Preventing Overfitting

Symptoms of overfitting:
- Training loss continues to decrease while validation loss increases
- Model performs well on examples similar to training data but poorly on novel inputs
- Model starts memorizing and regurgitating training examples verbatim

Prevention:
- Use a held-out validation set (10-20% of data)
- Apply dropout and weight decay
- Train for fewer epochs (try 1-2 before going to 3+)
- Use early stopping based on validation metrics
- Increase training data diversity

Deployment

API-Based Fine-Tuning (OpenAI, Anthropic, etc.)

# Simplest path: use provider's fine-tuning API
# Pros: No infrastructure to manage, automatic serving
# Cons: Data leaves your environment, limited customization

# OpenAI example
client.fine_tuning.jobs.create(
    training_file="file-abc123",
    model="gpt-4o-mini-2024-07-18",
    hyperparameters={
        "n_epochs": 3,
        "learning_rate_multiplier": 1.0,
    }
)

Self-Hosted Fine-Tuning

# When to self-host:
# - Data cannot leave your environment (compliance, security)
# - You need full control over the training process
# - Cost optimization at scale (many models, frequent retraining)
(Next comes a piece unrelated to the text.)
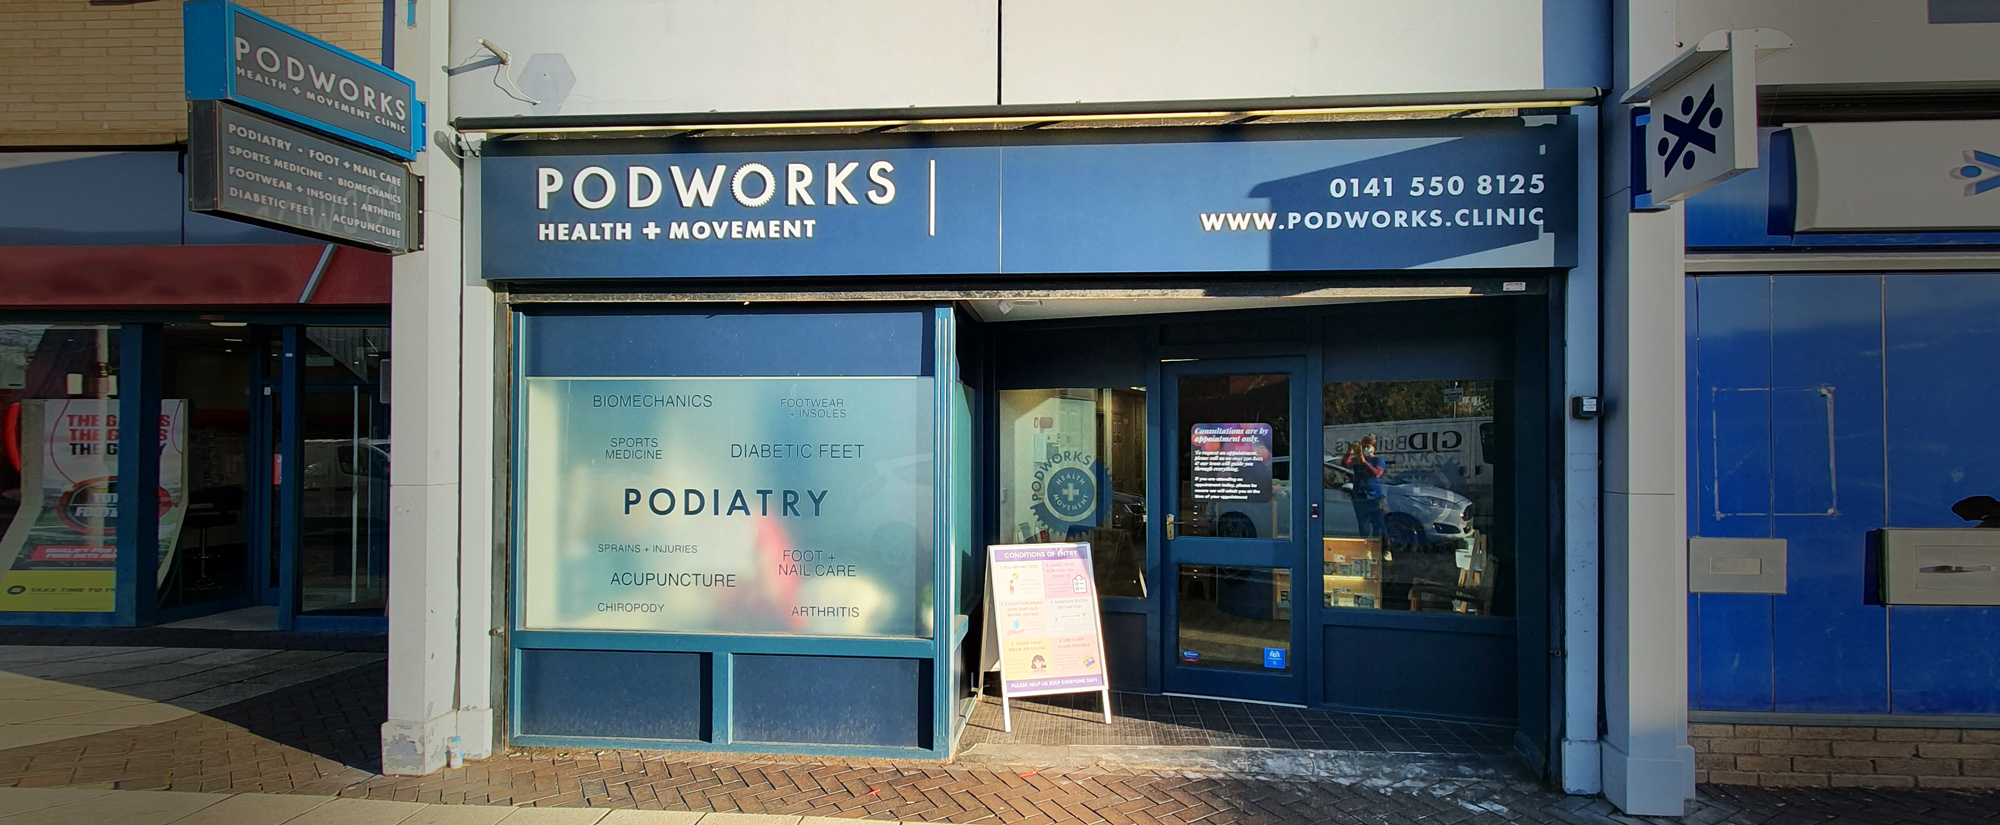 PodWorks Health & Movement Clinic Glasgow

# Infrastructure requirements
infrastructure = {
    "training": "GPU cluster (A100/H100). Single GPU for LoRA on 7B models.",
    "serving": "vLLM or TGI for efficient inference. Quantize for cost savings.",
    "storage": "Model artifacts, training data, evaluation results. Version everything.",
    "monitoring": "Latency, throughput, error rates, output quality metrics.",
}

Cost Optimization

Cost levers:
1. Use LoRA/QLoRA instead of full fine-tuning (10-100x cheaper)
2. Start with smaller models. Fine-tuned 7B often beats prompted 70B.
3. Quantize for serving (INT8 or INT4). Minimal quality loss, major cost reduction.
4. Batch inference where latency permits. 5-10x cost savings.
5. Cache common responses. Many queries repeat.

Anti-Patterns

  • Fine-tuning as first resort: Jumping to fine-tuning before trying prompt engineering, few-shot learning, or RAG. These are faster, cheaper, and often sufficient.
  • Garbage in, fine-tuned garbage out: Using noisy, inconsistent, or incorrect training data. The model will faithfully learn your mistakes.
  • No evaluation baseline: Fine-tuning without first measuring the base model's performance. You cannot demonstrate improvement without a baseline.
  • Training on your test set: Accidentally including evaluation examples in training data. This gives inflated metrics and false confidence.
  • Ignoring catastrophic forgetting: Fine-tuning aggressively and losing the model's general capabilities. Use moderate learning rates and mix in general-purpose data.
  • One-and-done training: Training once and never retraining. Your data distribution changes. Schedule periodic retraining with fresh data.
  • Hyperparameter obsession: Spending days tuning learning rates when your training data has quality issues. Fix data first, then tune hyperparameters.